Dataset section =>
=== Begin Enclosure ===

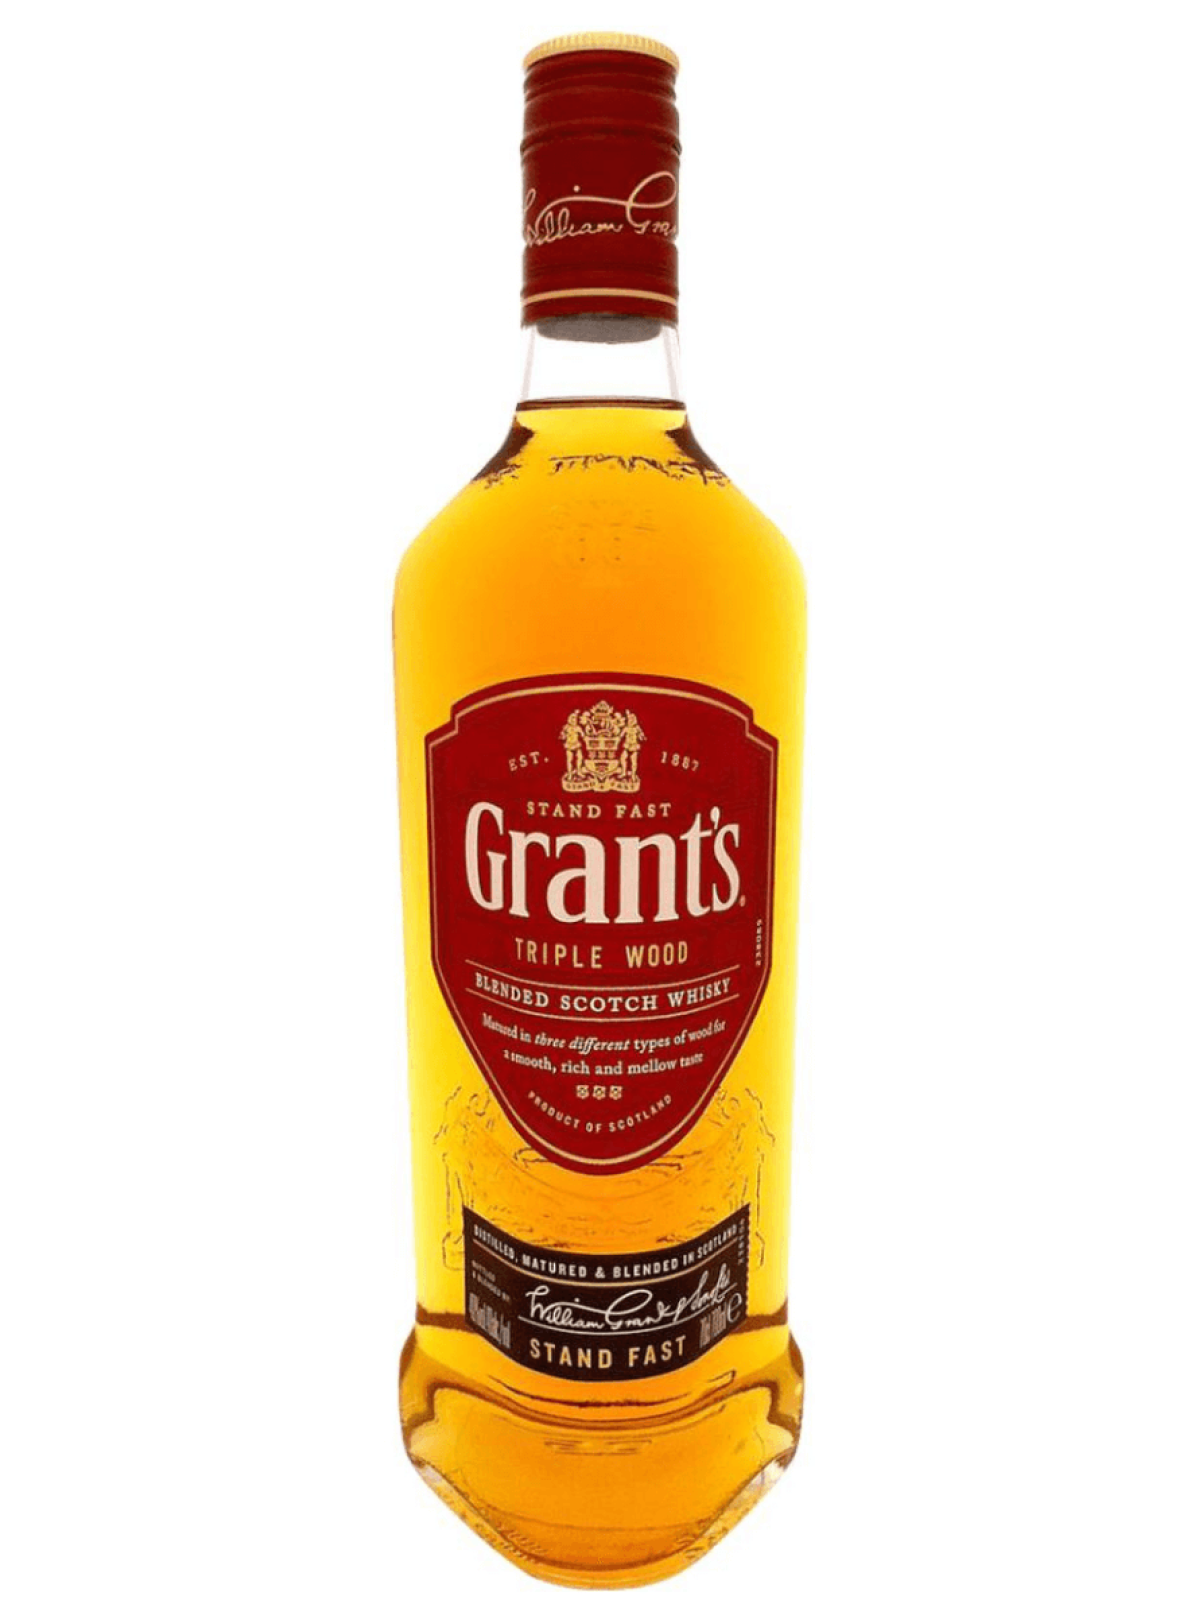 Grants 0.7 цена. Грантс трипл Вуд 0.5. Виски Грантс трипл Вуд 0.7. Виски Грантс трипл Вуд 3 года 0,5л. Виски Грантс трипл Вуд 0.70.
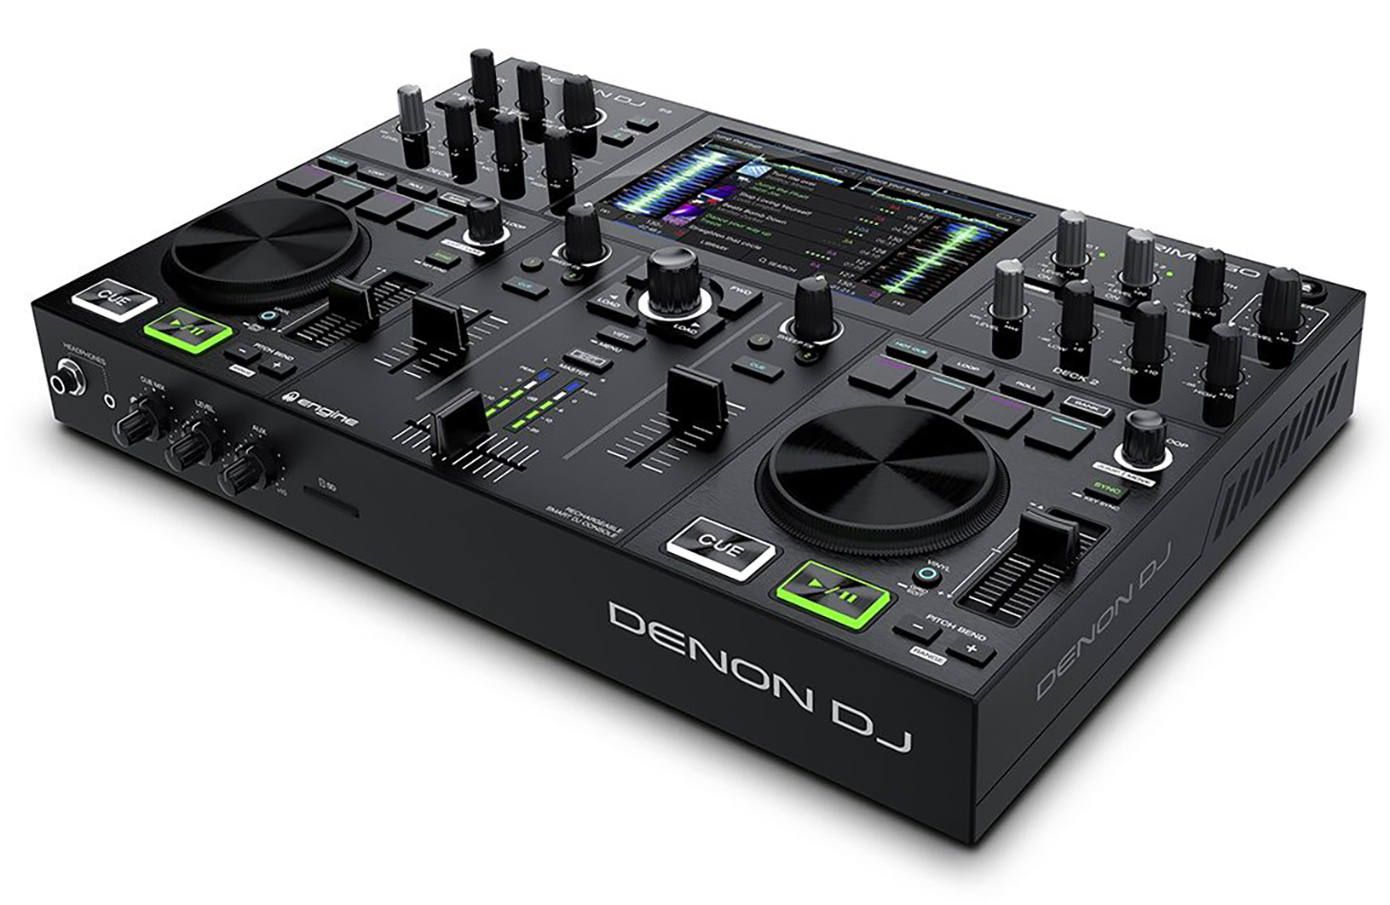 Denon DJ Prime GO DJ kontroller
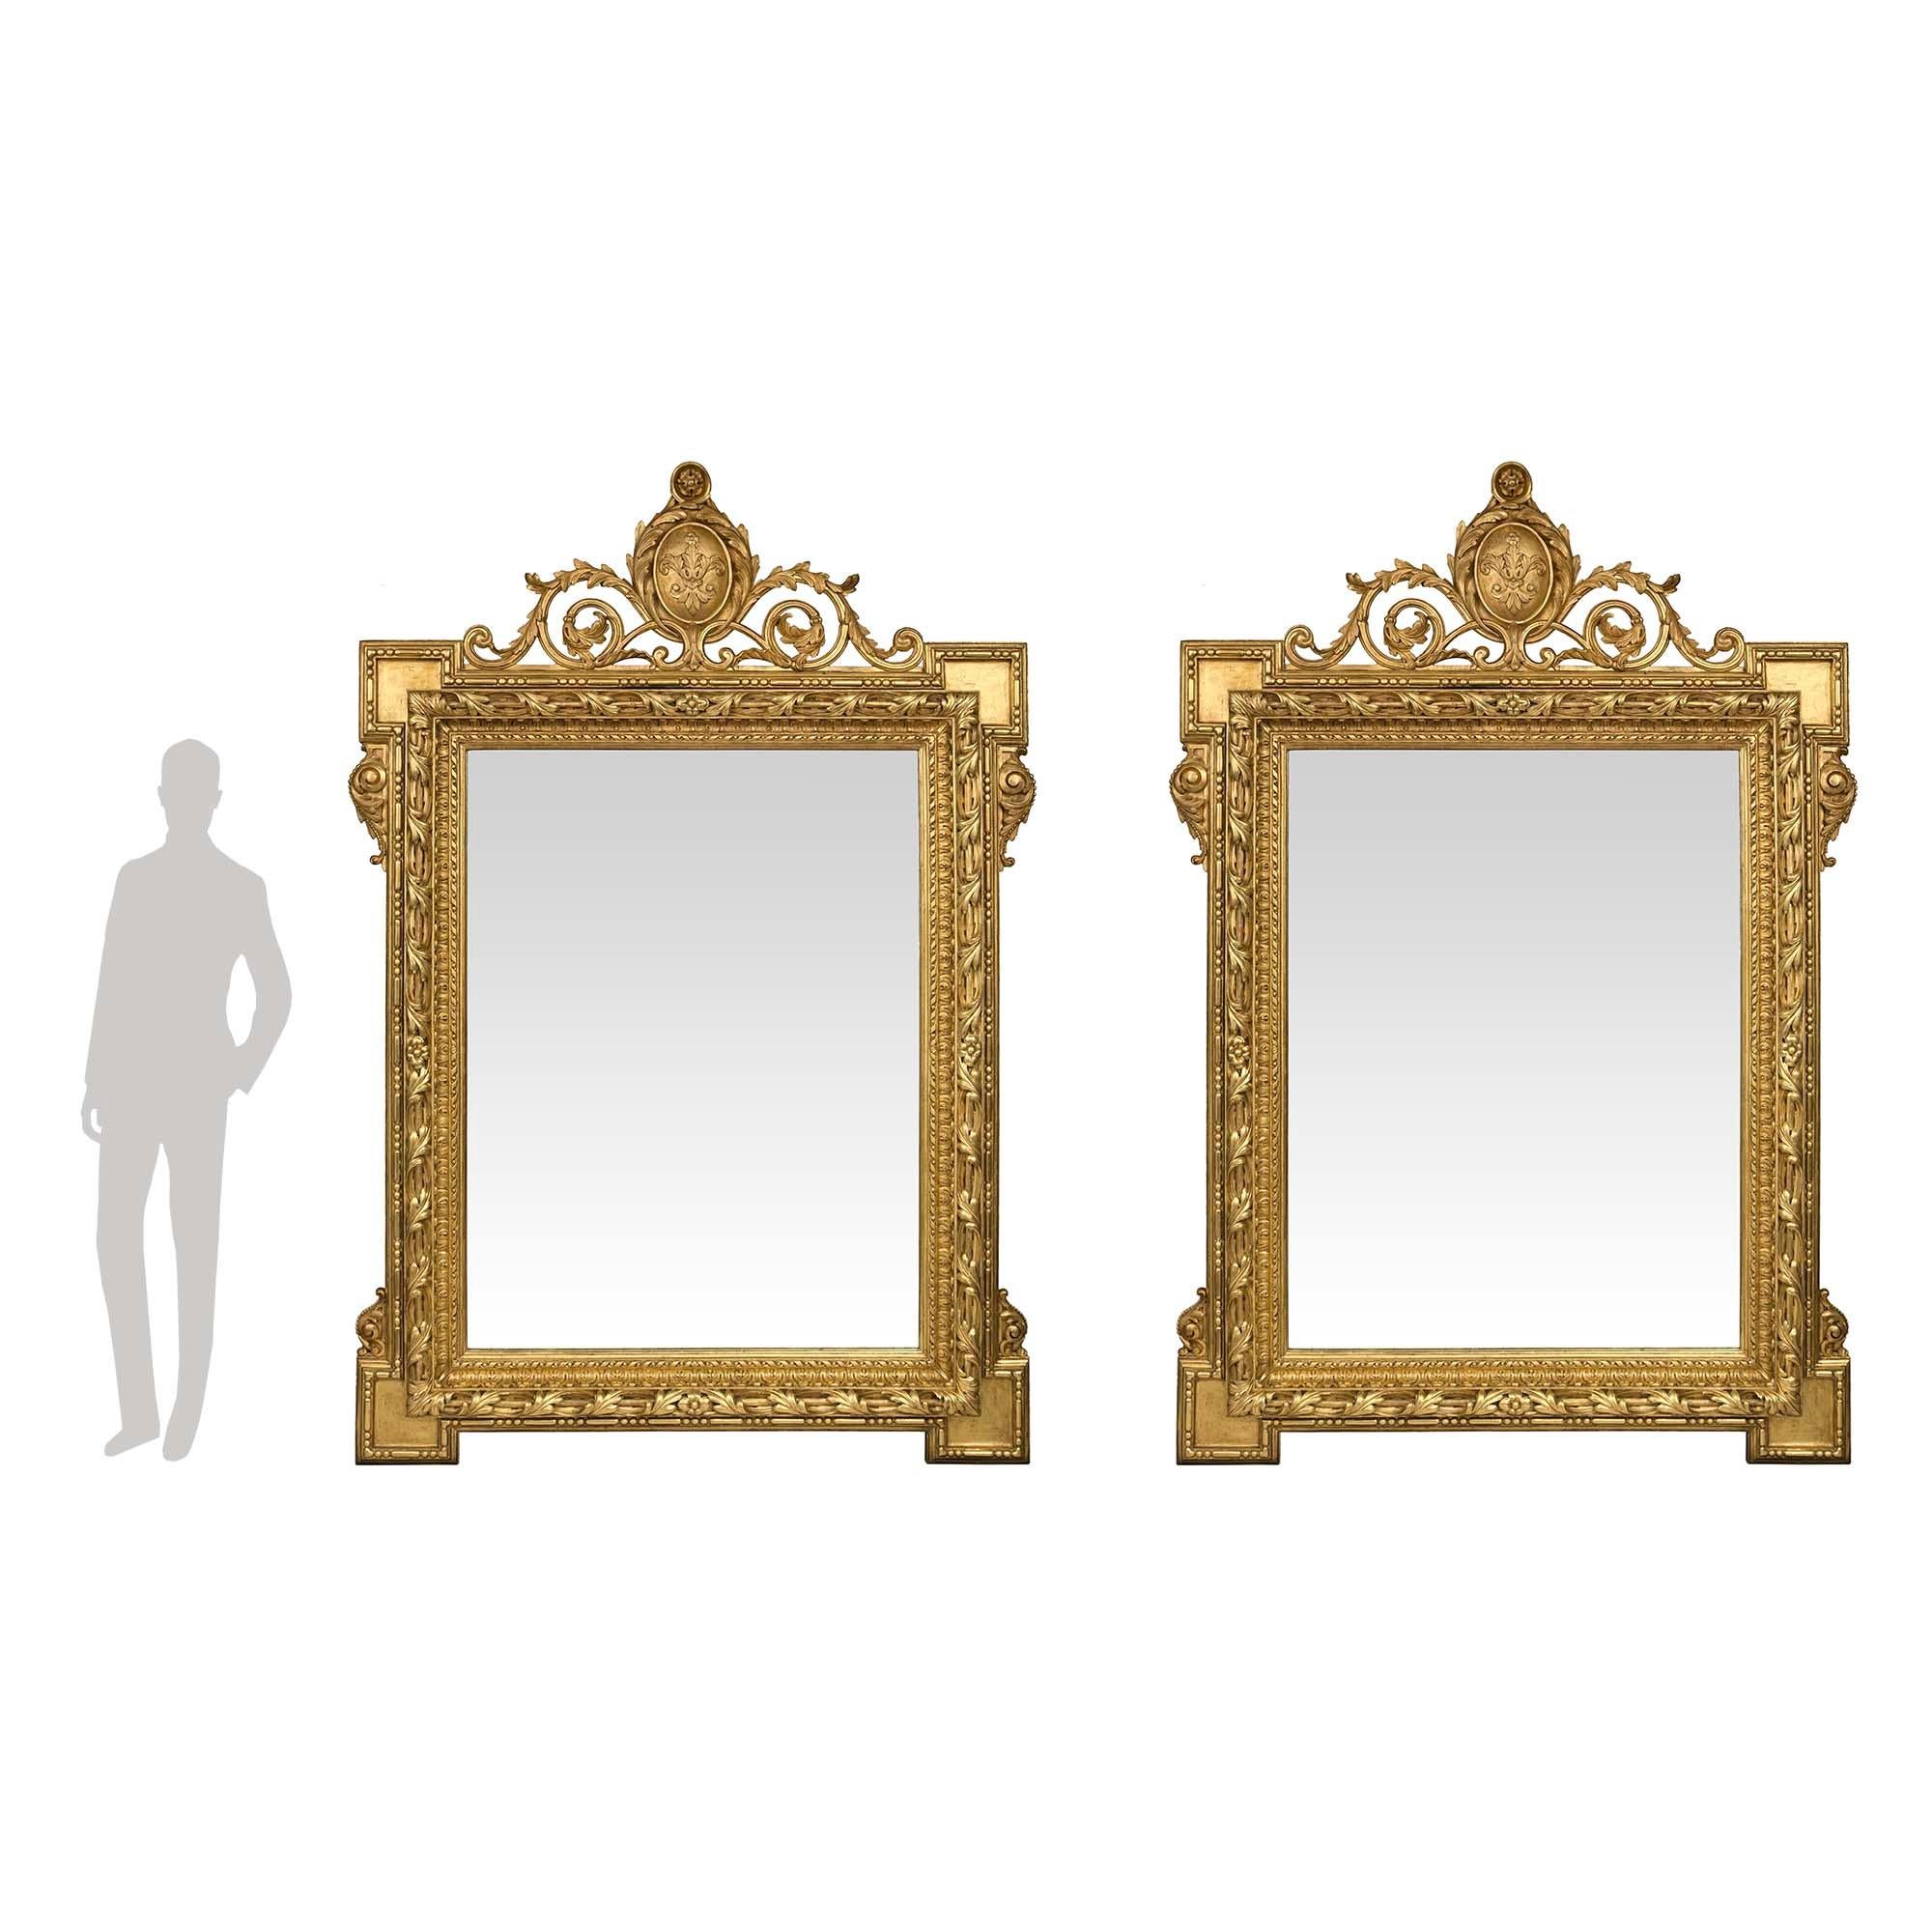 Une paire spectaculaire et monumentale de miroirs en bois doré de style Louis XVI du XIXe siècle. Chaque plaque de miroir originale est encadrée d'un remarquable motif torsadé et perlé richement sculpté. Le cadre épais et remarquable présente des

=== End Enclosure ===

Full transcription of the material, exact in every line, without images.

 Grants 0.7 цена. Грантс трипл Вуд 0.5. Виски Грантс трипл Вуд 0.7. Виски Грантс трипл Вуд 3 года 0,5л. Виски Грантс трипл Вуд 0.70.
 Denon DJ Prime GO DJ kontroller
 Une paire spectaculaire et monumentale de miroirs en bois doré de style Louis XVI du XIXe siècle. Chaque plaque de miroir originale est encadrée d'un remarquable motif torsadé et perlé richement sculpté. Le cadre épais et remarquable présente des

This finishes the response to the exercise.